The series received high ratings and significant digital viewership. It garnered mixed reviews from critics, with praise for Hocane's performance but criticism for its depiction of sensitive themes.

==Plot==
The story revolves around a college student, Andaleeb, and a gynecologist Dr. Zara. Andaleeb is deeply connected to her father. Andaleeb's secret relationship with her classmate Moiz blossoms, but they face obstacles due to classism, leading to their separation when her mother arranges a suitable match for her, despite her father's support for her and Moiz being together.

Meanwhile, the newlywed Dr. Zara struggles to understand her husband Hassan, only to discover his behaviour of gaslighting and emotional abuse. As she harbors secrets, her situation escalates to physical abuse. Zara decides to leave him, but later learns about his traumatic past. Despite her efforts, Hassan's behavior worsens, and Zara is hospitalized due to domestic violence.

Andaleeb's parents arrange her marriage to Dr.
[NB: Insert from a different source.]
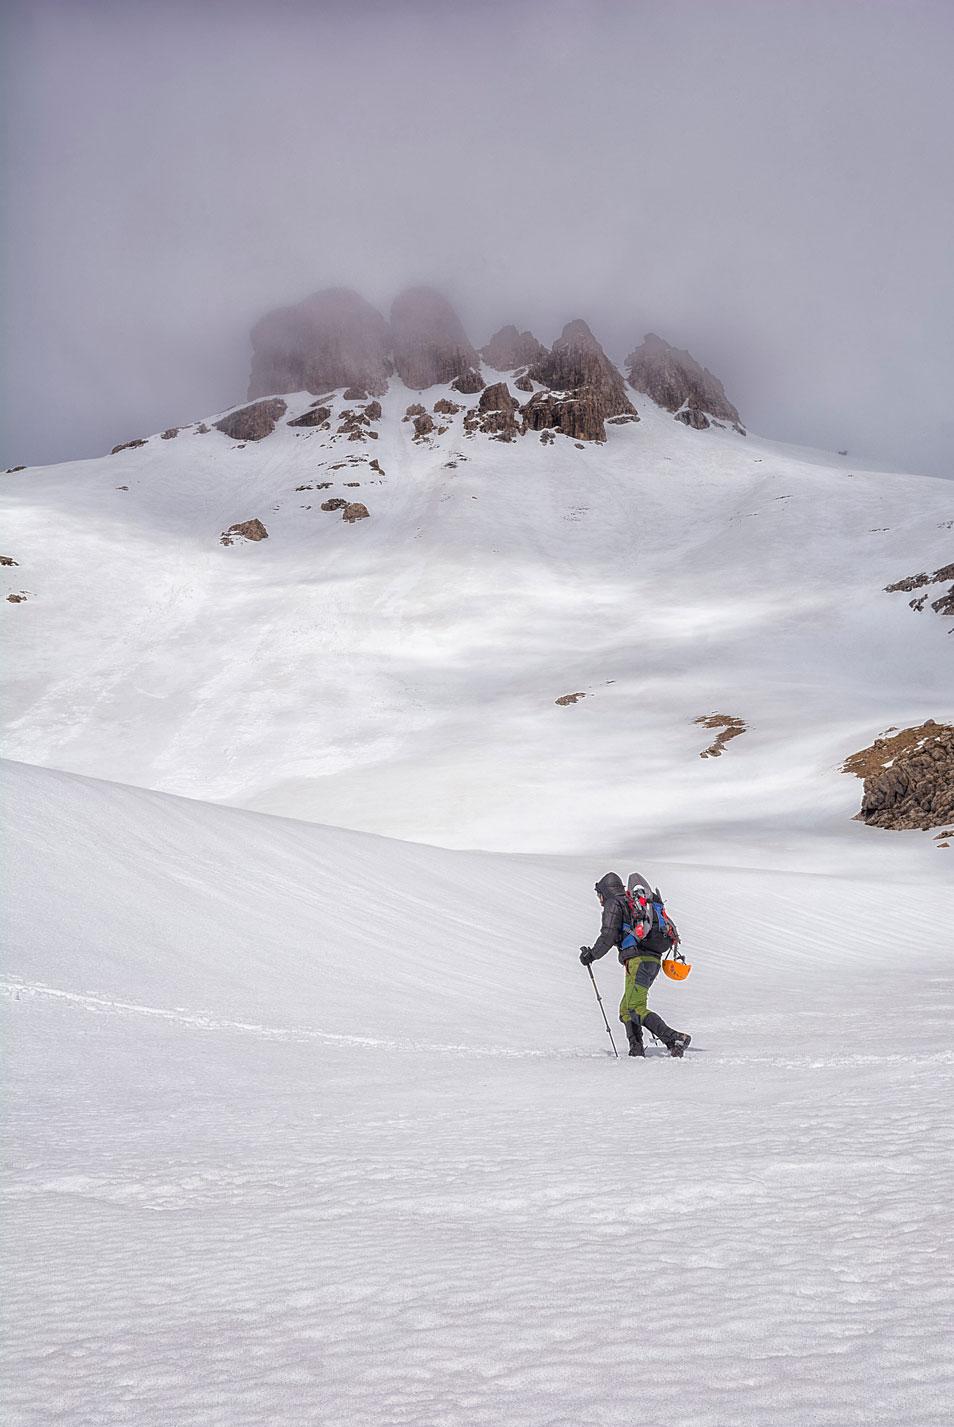 Lecherines - Archivo - Iñaki Larrea, Fotografía de naturaleza y montaña

Numair, Zara's friend and an oncologist. Their relationship develops slowly, as Numair learns about Andaleeb's past affair with Moiz. The age difference of couple and the constant pressure to plan a baby by Numair's mother create tension. When Numair discovers he has azoospermia, it strains their relationship further.

==Cast==

===Main===

- Mawra Hocane as Dr. Zara Saleem (formerly Hassan): Gynecologist; Saleem and Tayyaba's daughter; Andaleeb's cousin; Hassan's ex wife
- Sehar Khan as Andaleeb "Deebu" Numair (nee Jamal): Jamal and Sadia's daughter; Zara's cousin; Numair's wife; Anadil's mother
- Usman Mukhtar as Dr. Numair Ansari : Oncologist; Maria's son; Nimra's brother; Andaleeb's husband; Anadil's father
- Mohib Mirza as Hassan Ahsan : Nazia and Ahsan's son; Zara's ex husband

===Recurring===
- Farah Sadia as Tayyaba Saleem: Saleem's wife; Zara's mother; Sadia's sister
- Shamil Khan as Saleem : Tayyaba's husband; Zara' s father
- Nauman Masood as Jamal: Sadia's husband; Andaleeb father; Anadil's maternal grandfather
- Nadia Afgan as Sadia Jamal: Jamal's wife; Andaleeb's mother; Tayyaba's sister; Anadil's maternal grandmother
- Laila Zuberi as Maria Ansari : Nimra and Numair's mother; Anadil's paternal grandmother
- Anam Goher as Nimra Faraz (nee Ansari) : Maria's daughter; Numair's sister; Anadil's paternal aunt; Faraz's wife
- Zarrar Khan as Moiz: Andaleeb's former lover
- Saima Kanwal as Amma : Saleem's mother; Zara's grandmother
- Azra Mansoor as Daado : Ahsan's mother; Hassan's grandmother
- Arjumand Rahim as Nazia: Ahsan's ex wife; Hassan's mother
- Saife Hassan as Ahsan : Nazia's ex husband; Hassan's father
- Rubina Naz as Moiz's mother
- Tauseeq Haider as Zara's therapist
- Shahbaz Shigri as Dr. Sameer : Zara's colleague

==Production==
Principal photography commenced in Islamabad in November 2023. Hocane returned to the set in April 2024, after completing another project. She described her character as a gynecologist who navigates high-pressure situations in her marital life. Meanwhile, Mukhtar confirmed his involvement in the project, portraying an oncologist.

==Reception==
===Audience reception===
The series became one of the most-watched television series of Pakistan in 2024, and garnered high ratings, peaking at 7-8 in its finale episodes. The series garnered significant digital viewership and trended extensively on YouTube in India and Pakistan.

===Critical reception===
A critic from the DAWN Images positively reviewed the series, while noticing its multiple themes. A reviewer from The Express Tribune criticised the depiction of suicide without seeking counseling, sending a potentially harmful message to vulnerable viewers, however director Danish Nawaz argued that the attempted suicide shows the repercussions of forced marriage, emphasized that ending one's life isn't easy. Zainab Mossadiq of the DAWN Images praised the sensitive portrayal of social issues and strong relationships, but criticizes its handling of male fertility issues, absurd storyline, and abrupt ending. Sarah Brobi of the Aaj News praised the series for effectively portrays the plight of characters trapped in forced marriages, advocating for transparency and individual choice. However, the narrative is marred by unnecessary plot points, such as Numair's infertility, and a dragged-out conclusion that undermines the story's core message.